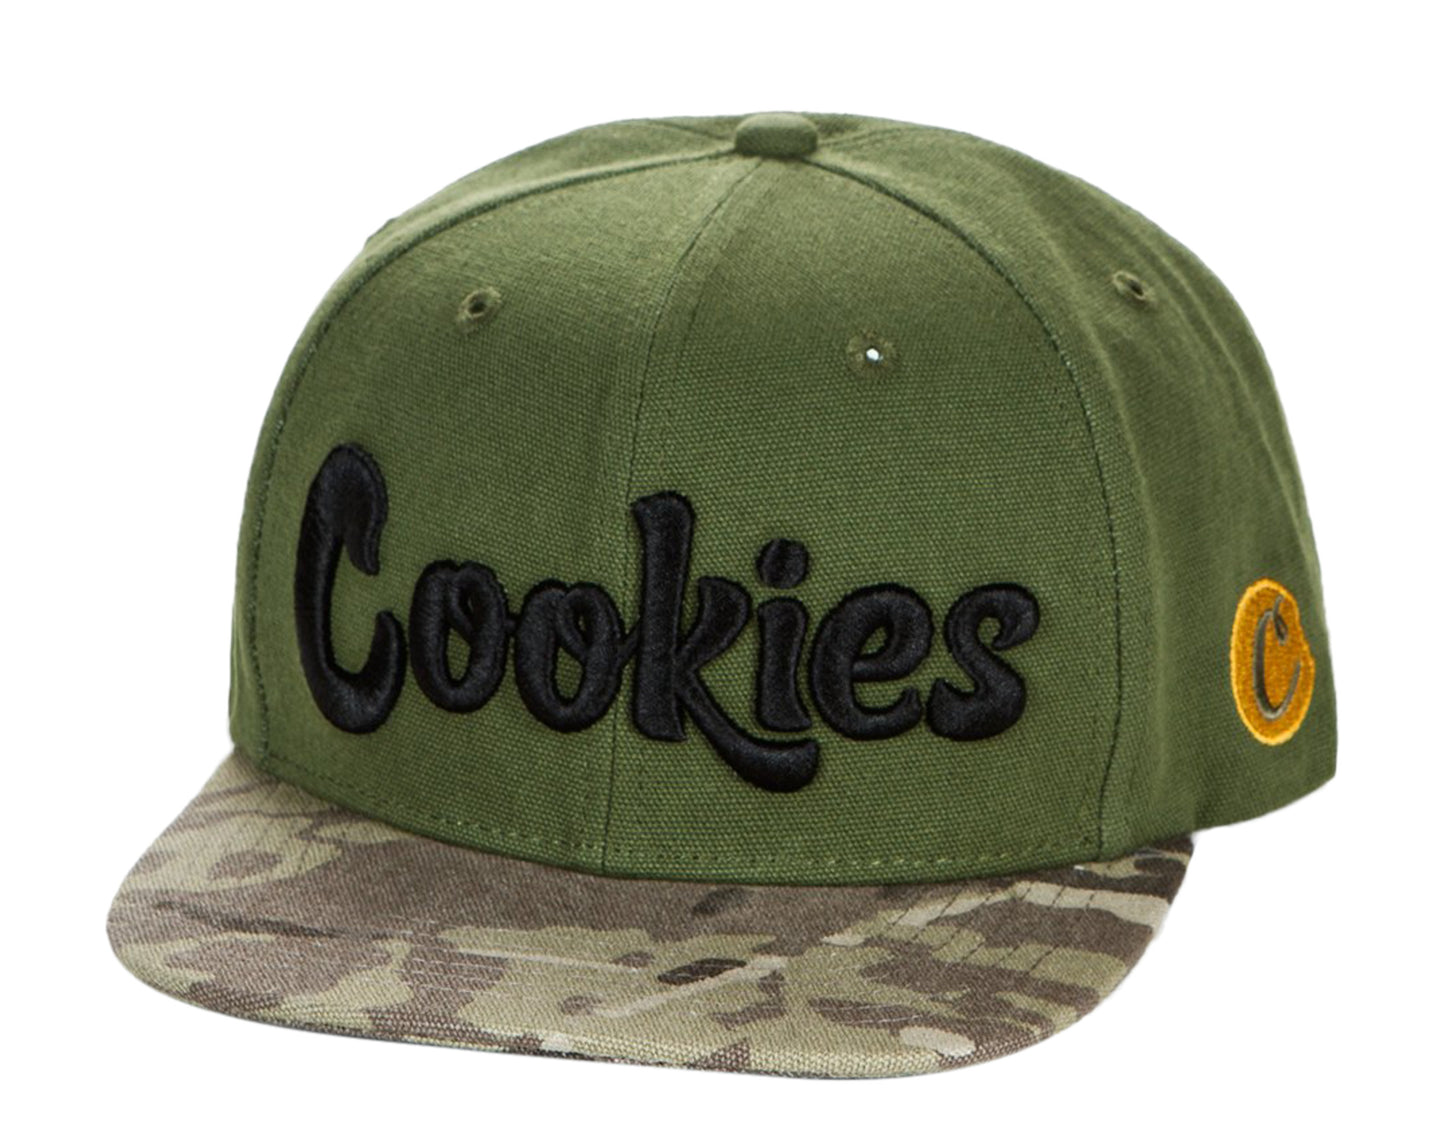 Cookies Backcountry Twill Camo Embroidered Logo Olive Snapback 1546X4319-OLI
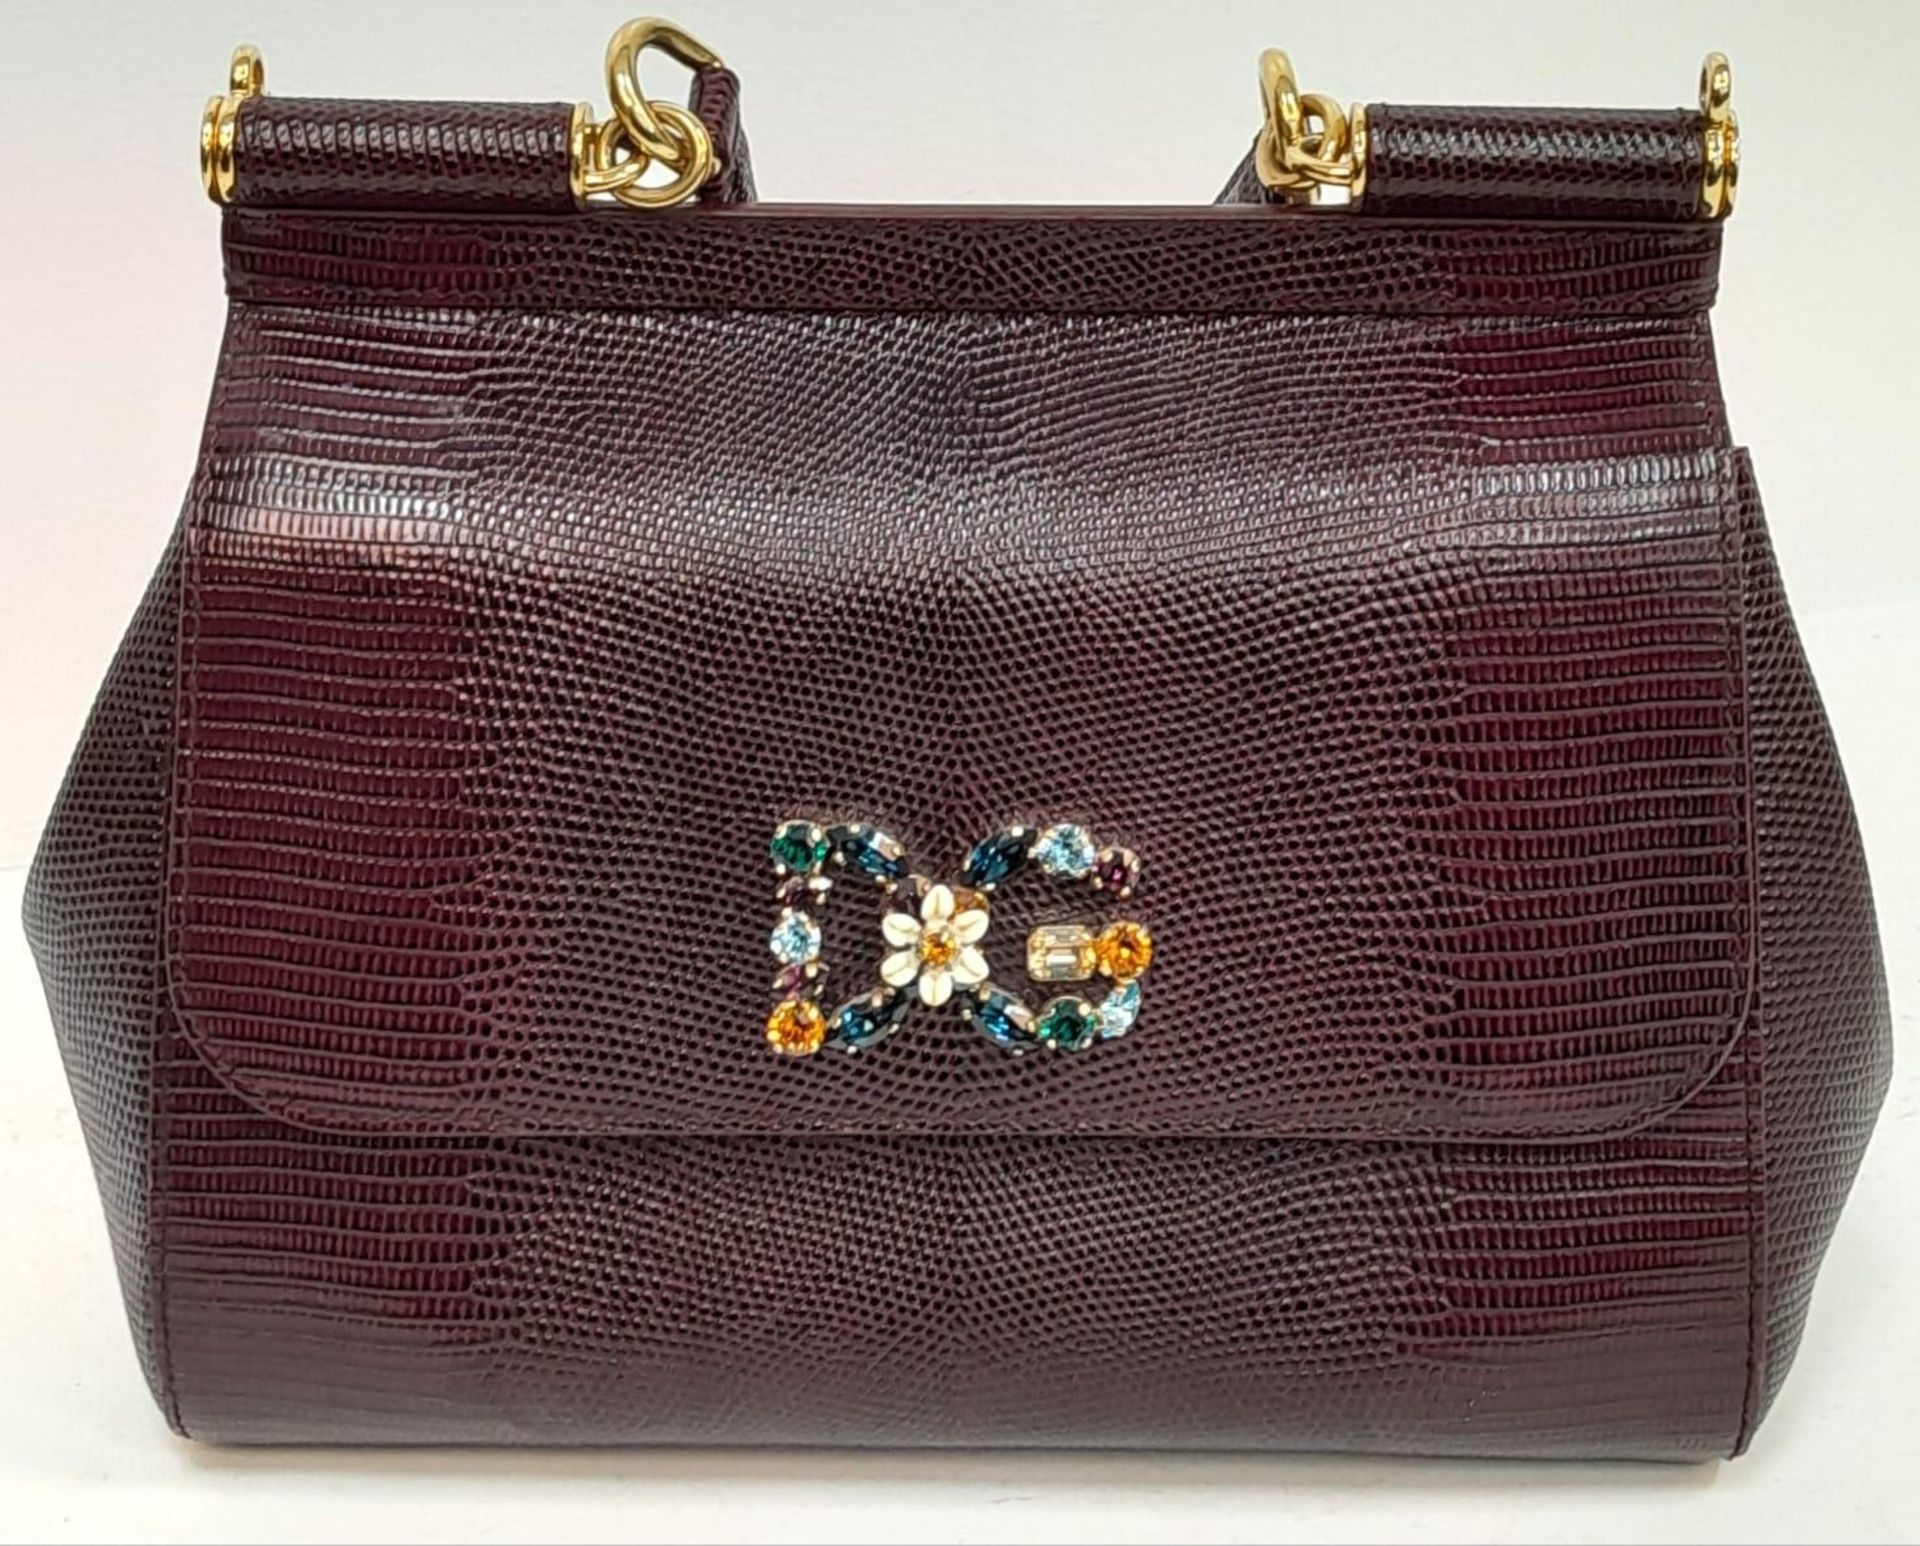 A Dolce & Gabbana Burgundy Miss Sicily Bag. Reptile embossed leather exterior with gold-toned - Image 2 of 6
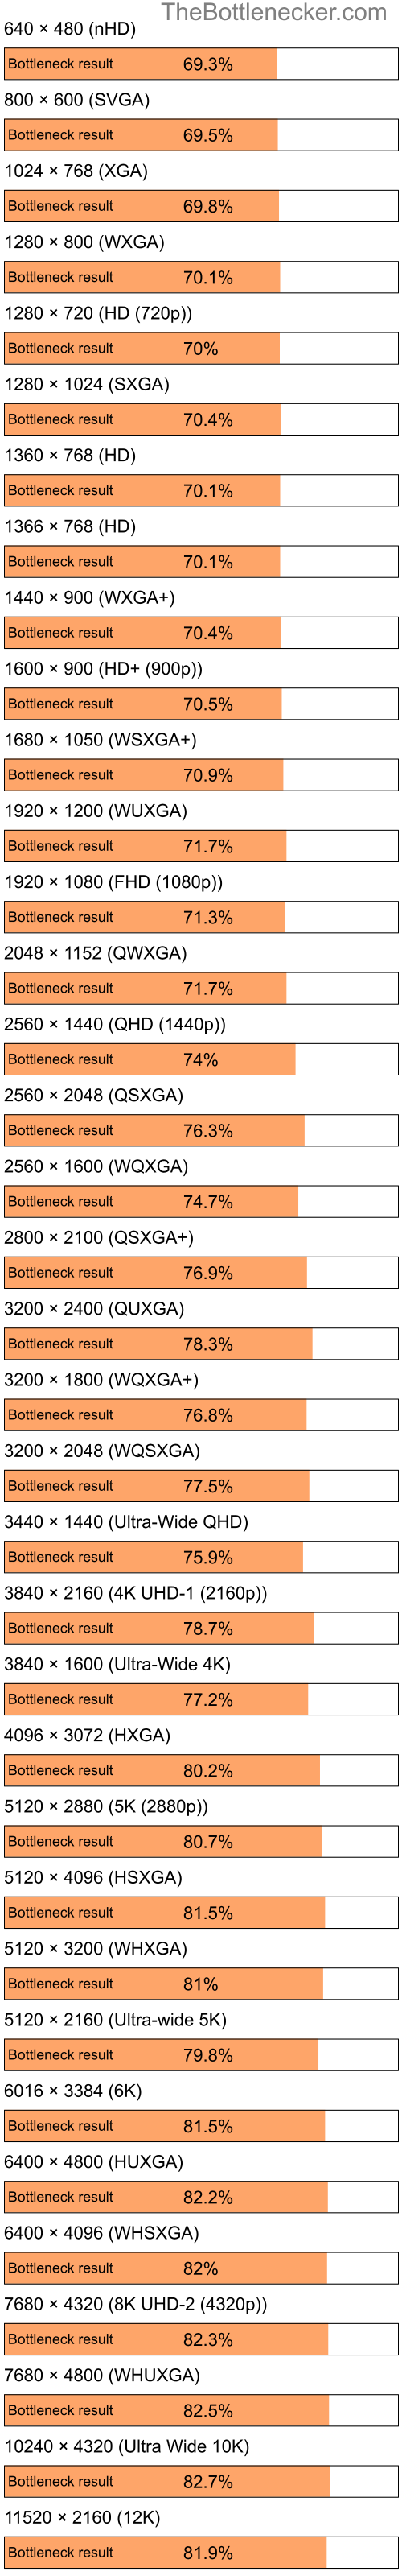 Bottleneck results by resolution for Intel Celeron M 420 and AMD Mobility Radeon X1300 in Processor Intense Tasks
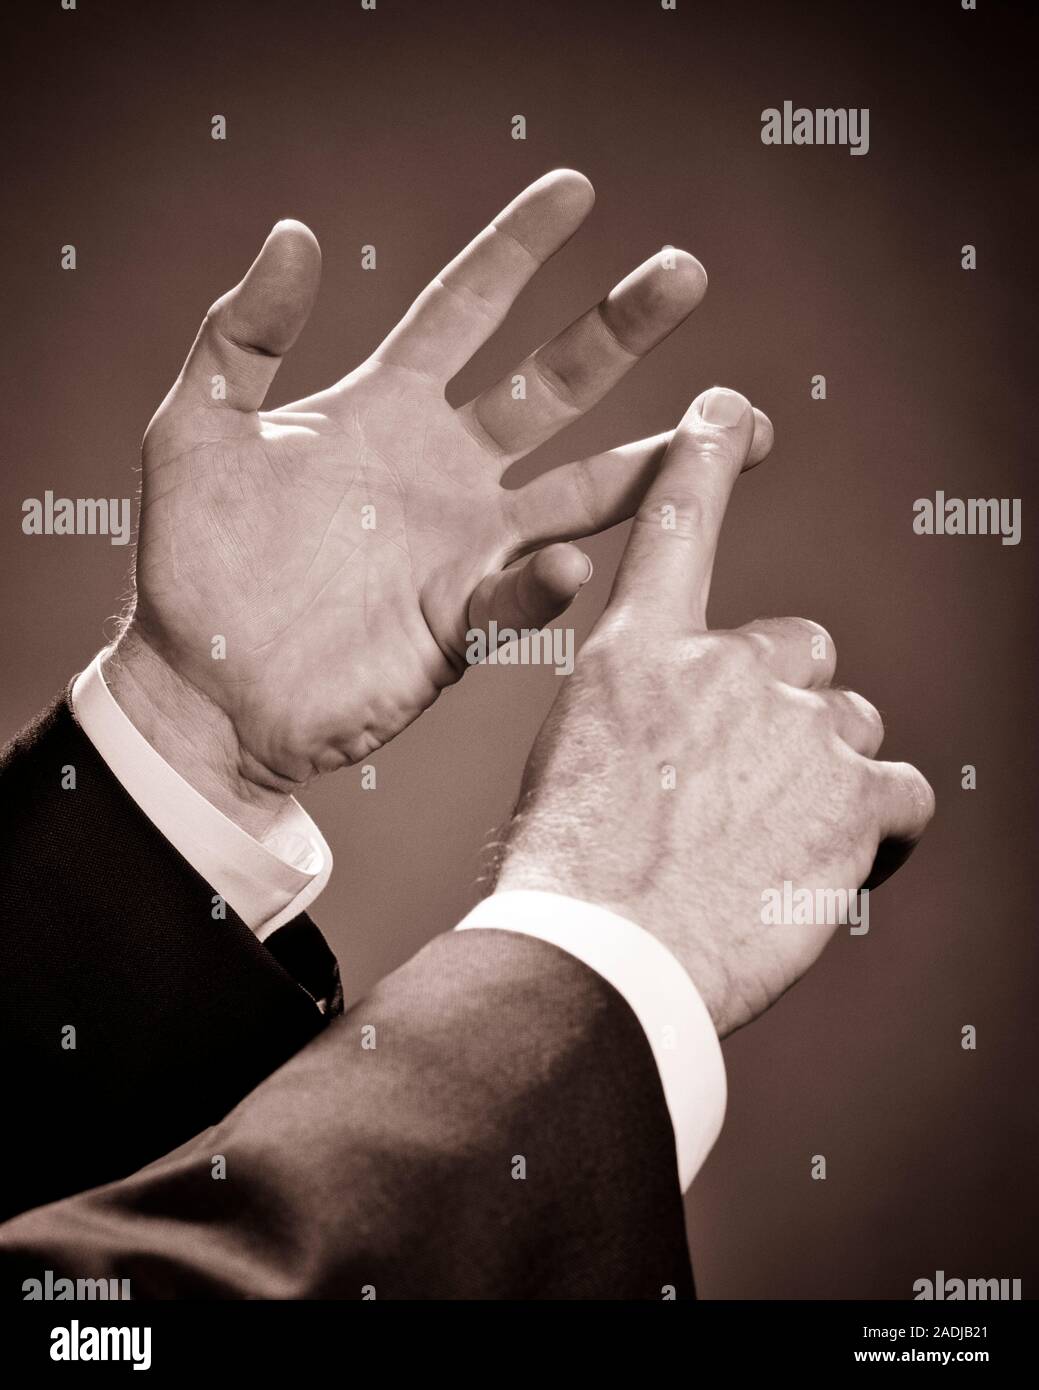 1960s MAN HANDS ONLY ENUMERATING VIEWPOINTS ONE BY ONE GESTURE OF INDEX FINGER TOUCHING EACH FINGER AS THEY ARE LISTED OR SPOKEN - s16463 HAR001 HARS MALES SYMBOLS CONFIDENCE EXECUTIVES GESTURING B&W INDEX STRATEGY NETWORKING OPPORTUNITY GESTURES OCCUPATIONS POLITICS BOSSES CONCEPT CONCEPTUAL LISTING POINTS ENUMERATING ENUMERATE OR SPOKEN SYMBOLIC ARGUMENTS CITE CONCEPTS IDEAS INDICATE MANAGERS SALESMEN BLACK AND WHITE CAUCASIAN ETHNICITY DEBATING HANDS ONLY HAR001 OLD FASHIONED REPRESENTATION Stock Photo

# Problem to solve
Transcribe the listing above exactly, but only from the line with "A Dolce & Gabbana" through the line with "Bottleneck results by". Include both of those lines and omit the pictures.

# Expected answer
 A Dolce & Gabbana Burgundy Miss Sicily Bag. Reptile embossed leather exterior with gold-toned - Image 2 of 6
 Bottleneck results by resolution for Intel Celeron M 420 and AMD Mobility Radeon X1300 in Processor Intense Tasks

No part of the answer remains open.